Abstract: The Science of Science field advances the measurement, evaluation, and prediction of scientific outcomes through the study of extensive scholarly data. For these purposes, bibliometrics is an appropriate approach that studies large volumes of scientific data using mathematical and statistical methods, and is widely used to assess the impact of papers and authors within a specific field or community. However, conducting bibliometric analyses poses several methodological, technical, and informational challenges (e.g., collecting and cleaning data, calculating indicators) which need to be addressed. This thesis aims to tackle some of these challenges and shed light on the factors influencing scientific impact, specifically focusing on open access publishing, international mobility, and influential factors on the h-index. This thesis tackles methodological contributions, such as author disambiguation and co-authorship network analysis, as they provide insights into methodological and informational challenges within bibliometric analysis. Another methodological challenge addressed in this research is the inference of gender for a significant number of authors to obtain gender-related insights. By employing gender inference techniques, the research explores gender as an influential factor in scientific impact, shedding light on potential gender inequalities within the scholarly community. The research employs a bibliometric approach and utilizes mainly Scopus, a comprehensive dataset encompassing various disciplines to make the following contributions:
• We explore the impact of publishing behavior, particularly the adoption of open access practices, on knowledge dissemination and scholarly communication. With this intention, we investigate the impact of journals flipping from closed access to open access publishing models . Changes in publication volumes and citation impact are analyzed, demonstrating an overall increase in publication output and improved citation metrics following the transition to open access. However, the magnitude of changes varies across scientific disciplines. In another study , we utilize a dataset of articles published by Springer Nature and employ correlation and regression analyses to examine the relationship between authors’ country affiliations, publishing models, and citation impact. Utilizing machine learning approach, we estimate the publishing model of papers based on different factors. The findings reveal different patterns in authors’ choices of publishing models based on income levels, availability of Article Processing Charges waivers, and journal rank. The study highlights potential inequalities in access to open access publishing and its citation advantage.

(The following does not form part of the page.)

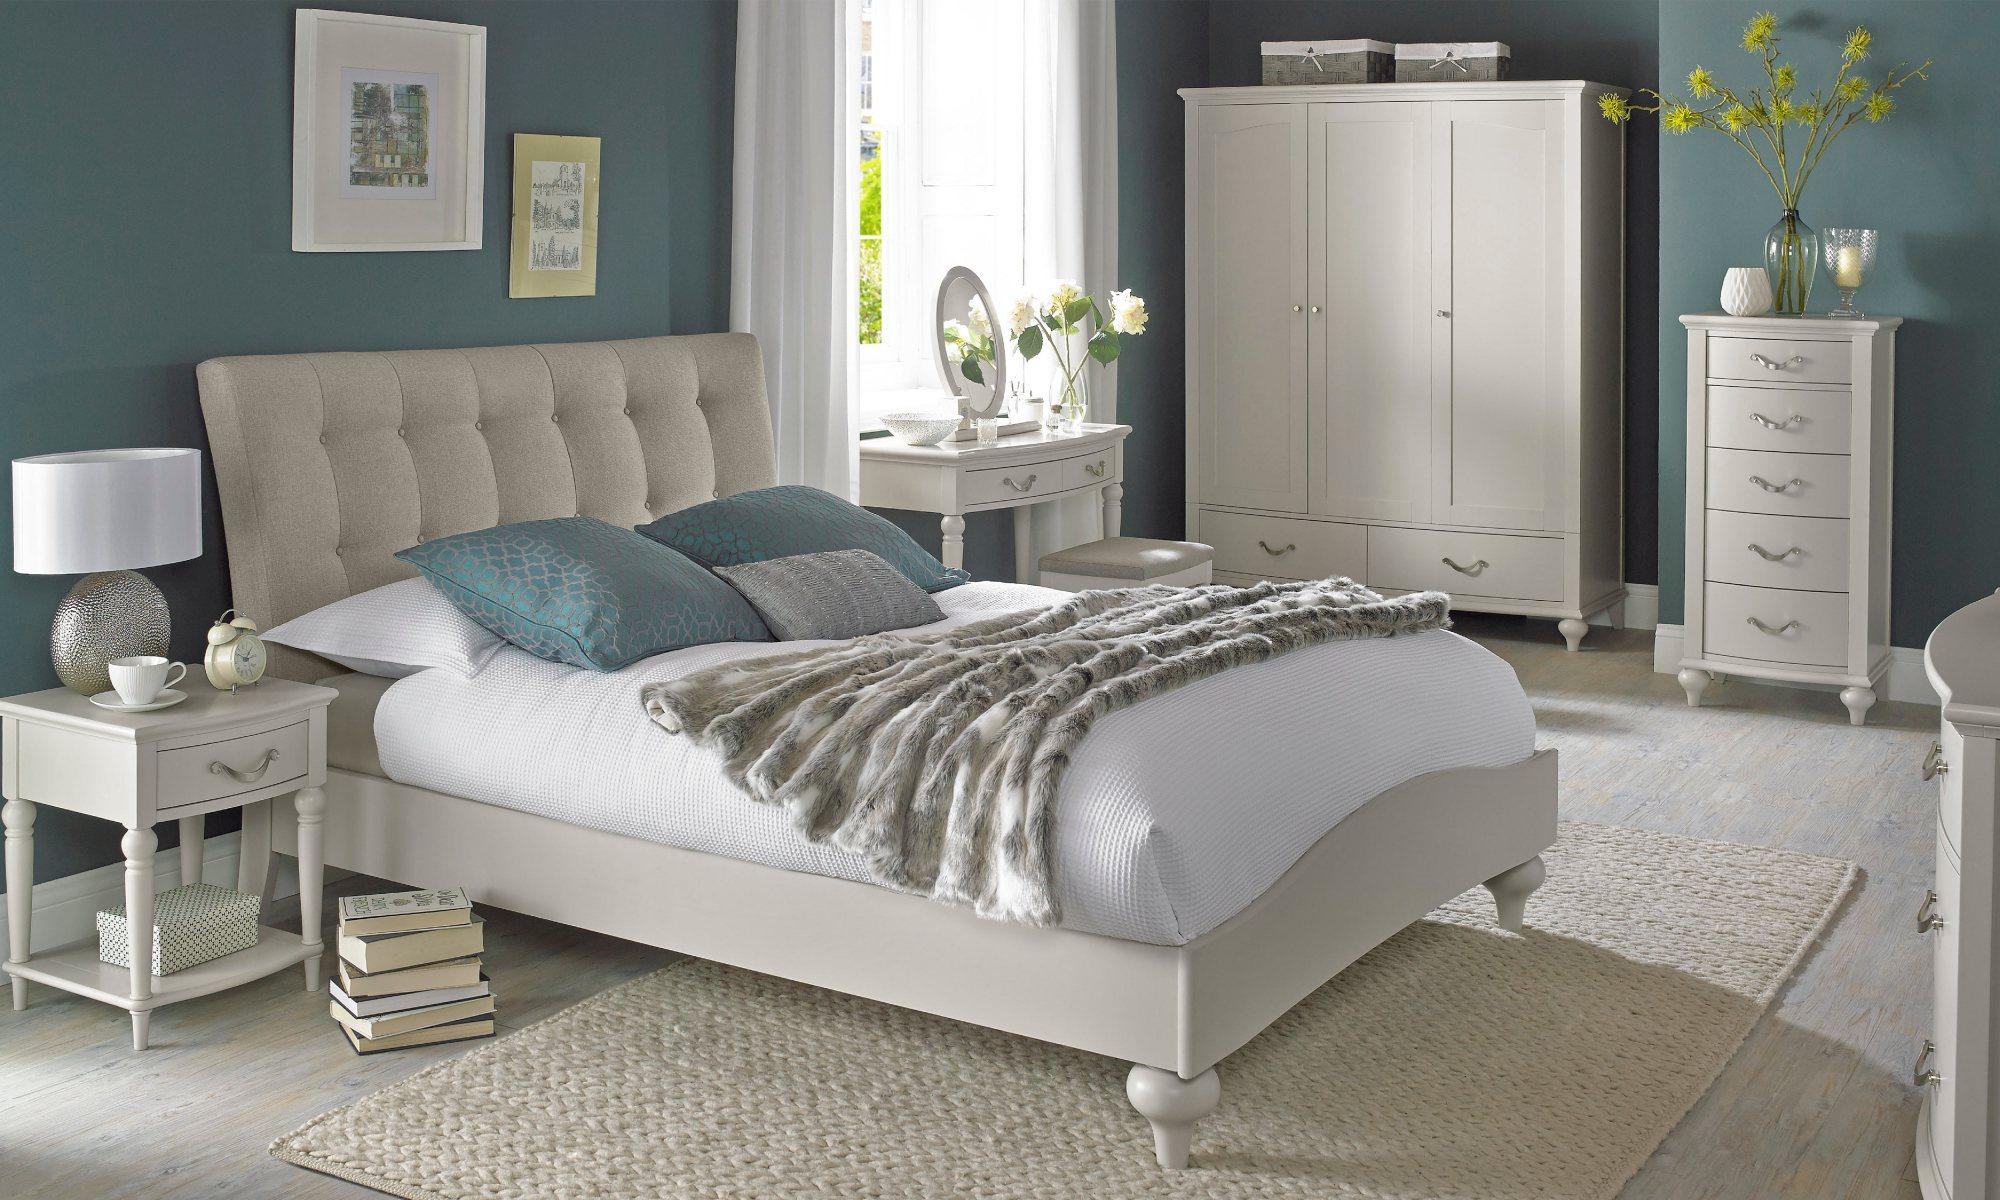 MONICA GREY BEDROOM

• We investigate the association between scholars’ mobility patterns, socio-demographic characteristics, and their scientific activity and impact. By utilizing network and regression analyses, along with various statistical techniques, we investigate the international mobility of researchers. Furthermore, we conduct a comparative analysis of scientific outcomes, considering factors such as publications, citations, and measures of co-authorship network centrality. The findings reveal gender inequalities in mobility across scientific fields and countries and positive correlations between mobility and scientific success.
• Centered on the prediction of scholars’ h-index as a metric of scientific impact, another one of our studies  employs machine learning techniques. We examine author, coauthorship, paper, and venue-specific characteristics, in addition to prior impact-based features. The results emphasize the significance of non-prior impact-based features, particularly for early-career scholars in the long term, while also revealing the limited influence of gender on h-index prediction.
The findings of this research hold implications for researchers, academic institutions, and policymakers aiming to advance scientific knowledge and foster equitable practices. By unviii covering the influential factors that shape scientific impact and addressing potential gender disparities, this research contributes to the broader objective of promoting diversity, inclusivity, and excellence within the scholarly community.